- DATASET EXCERPT:
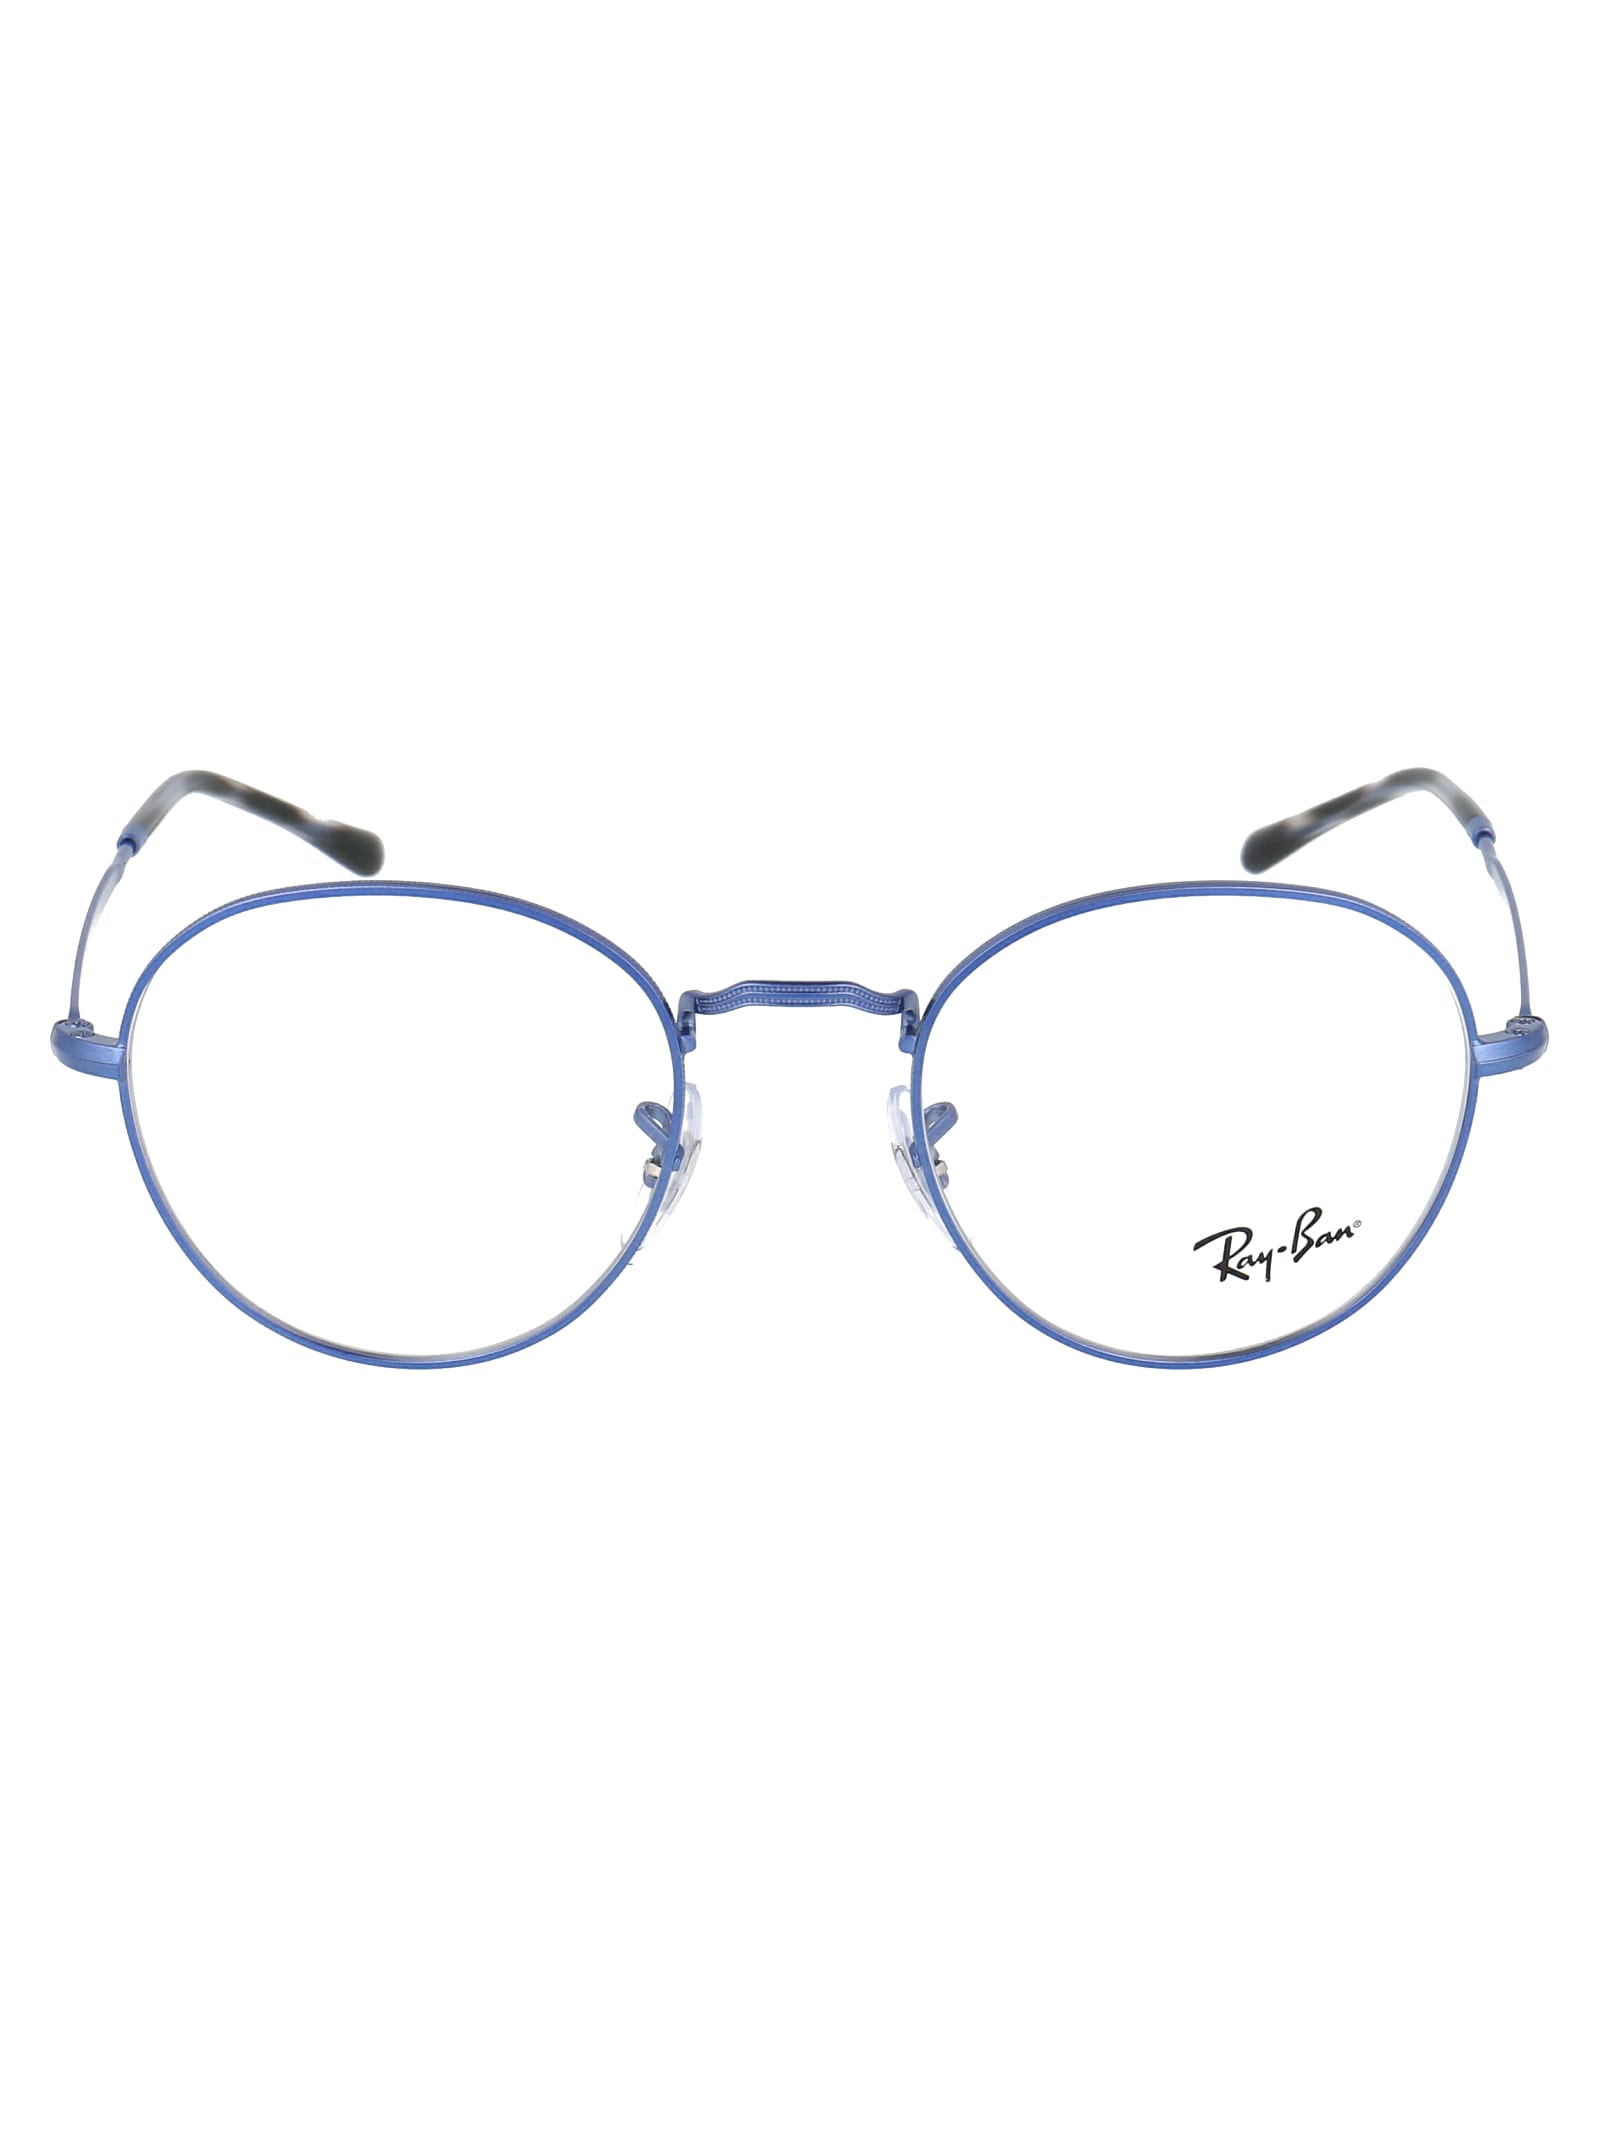 Ray Ban Round Metal Ii Glasses In 3071 Sand Trasparent Blu
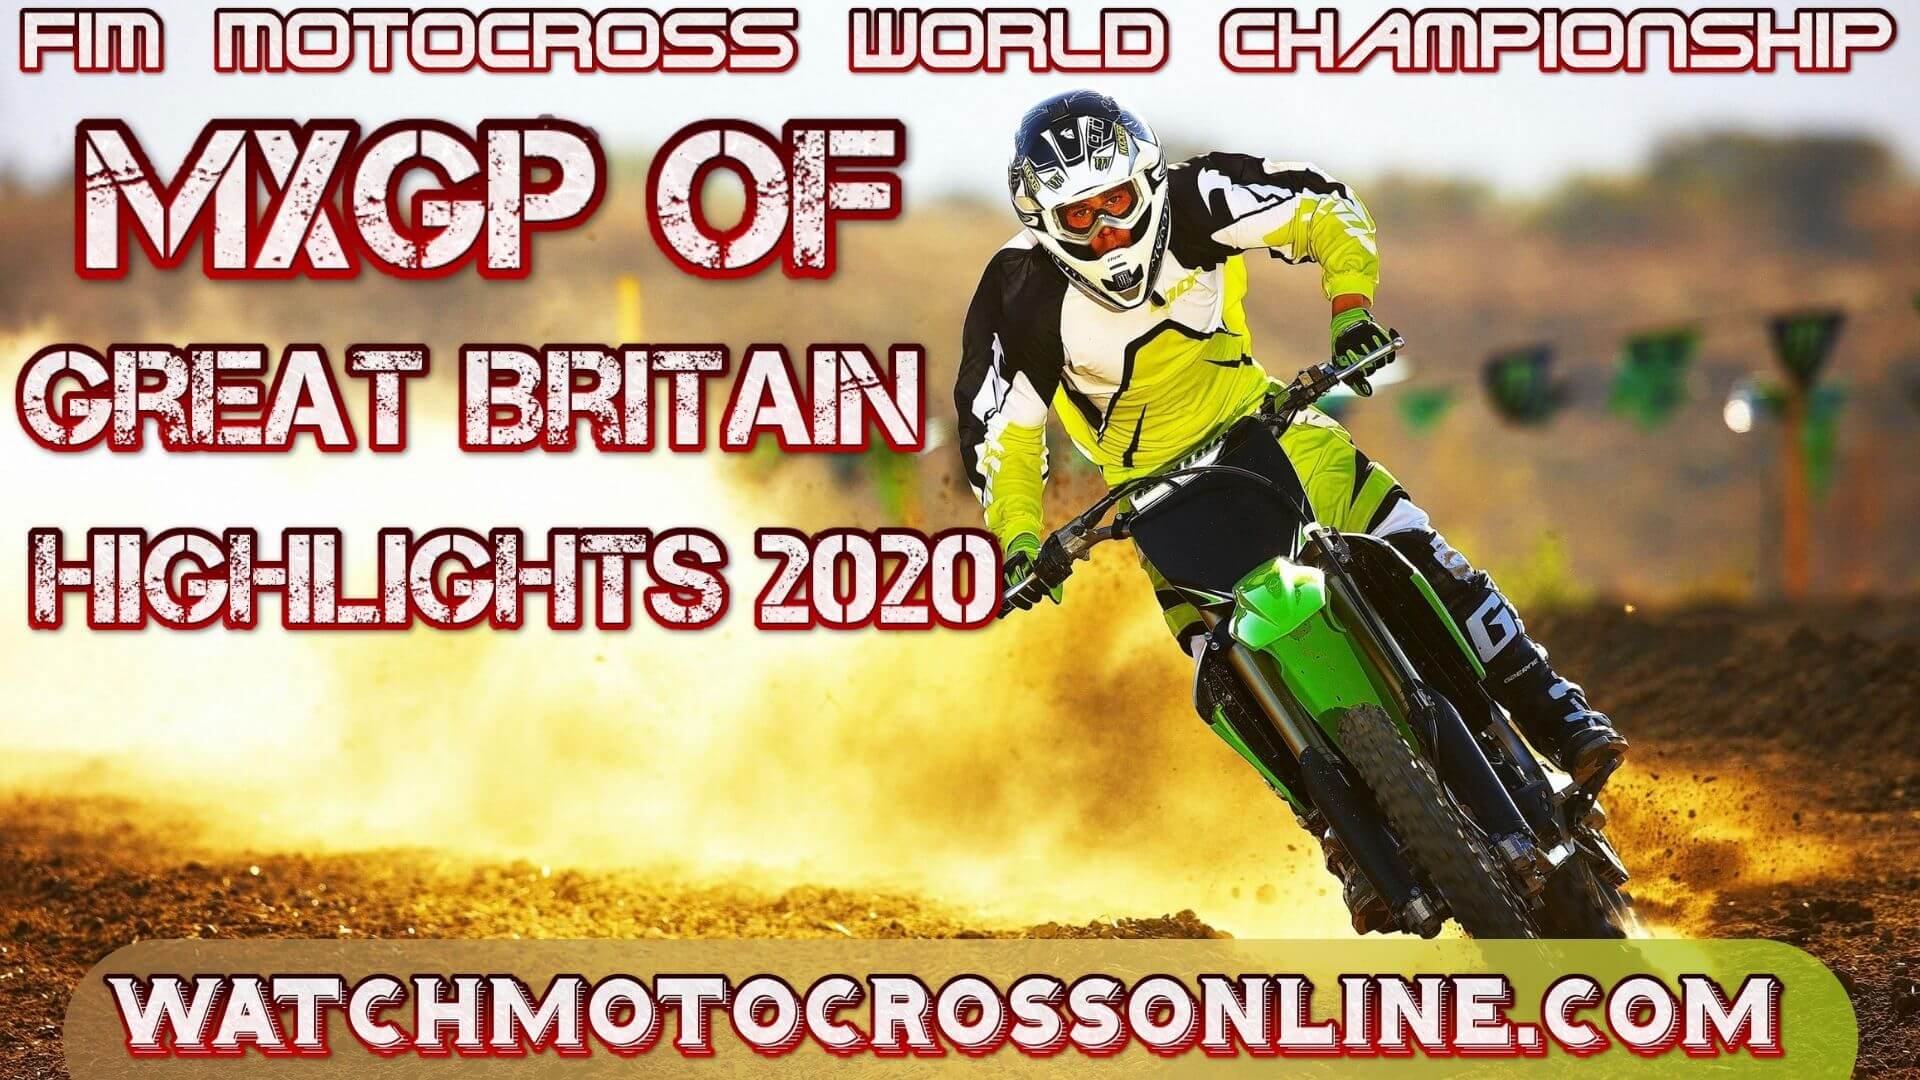 Great Britain MXGP Highlights 2020
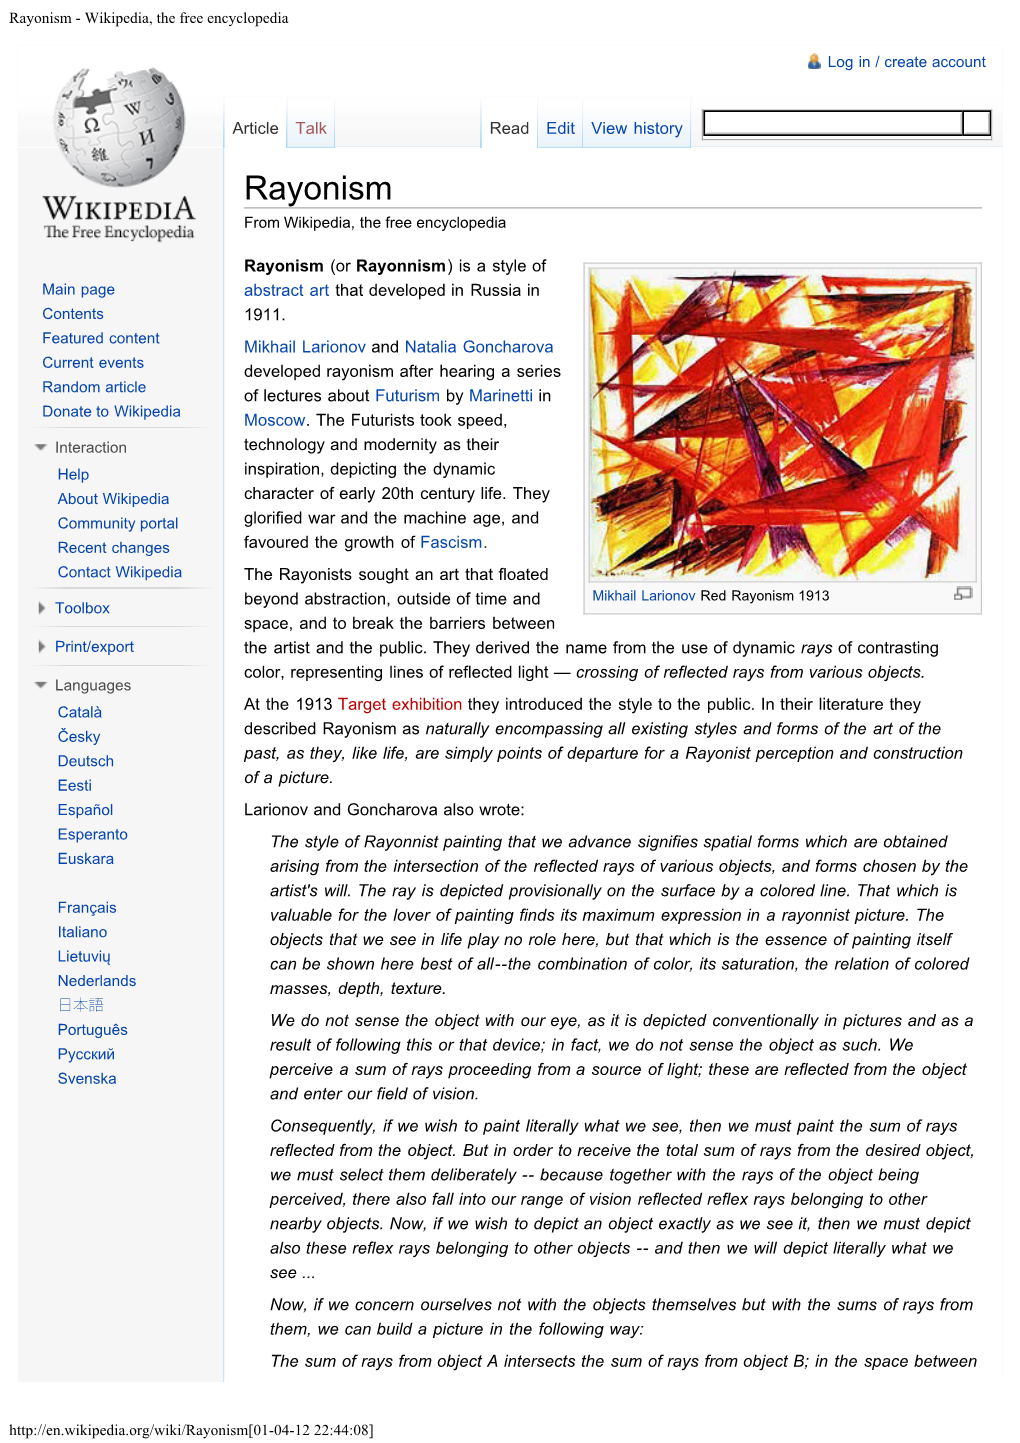 Rayonism - Wikipedia, the Free Encyclopedia

- ASSIGNMENT:
Retype the data above exactly; pictures are not part of the copy.

- EXPECTED OUTPUT:
 Ray Ban Round Metal Ii Glasses In 3071 Sand Trasparent Blu
 Great Britain MXGP Highlights 2020
 Rayonism - Wikipedia, the Free Encyclopedia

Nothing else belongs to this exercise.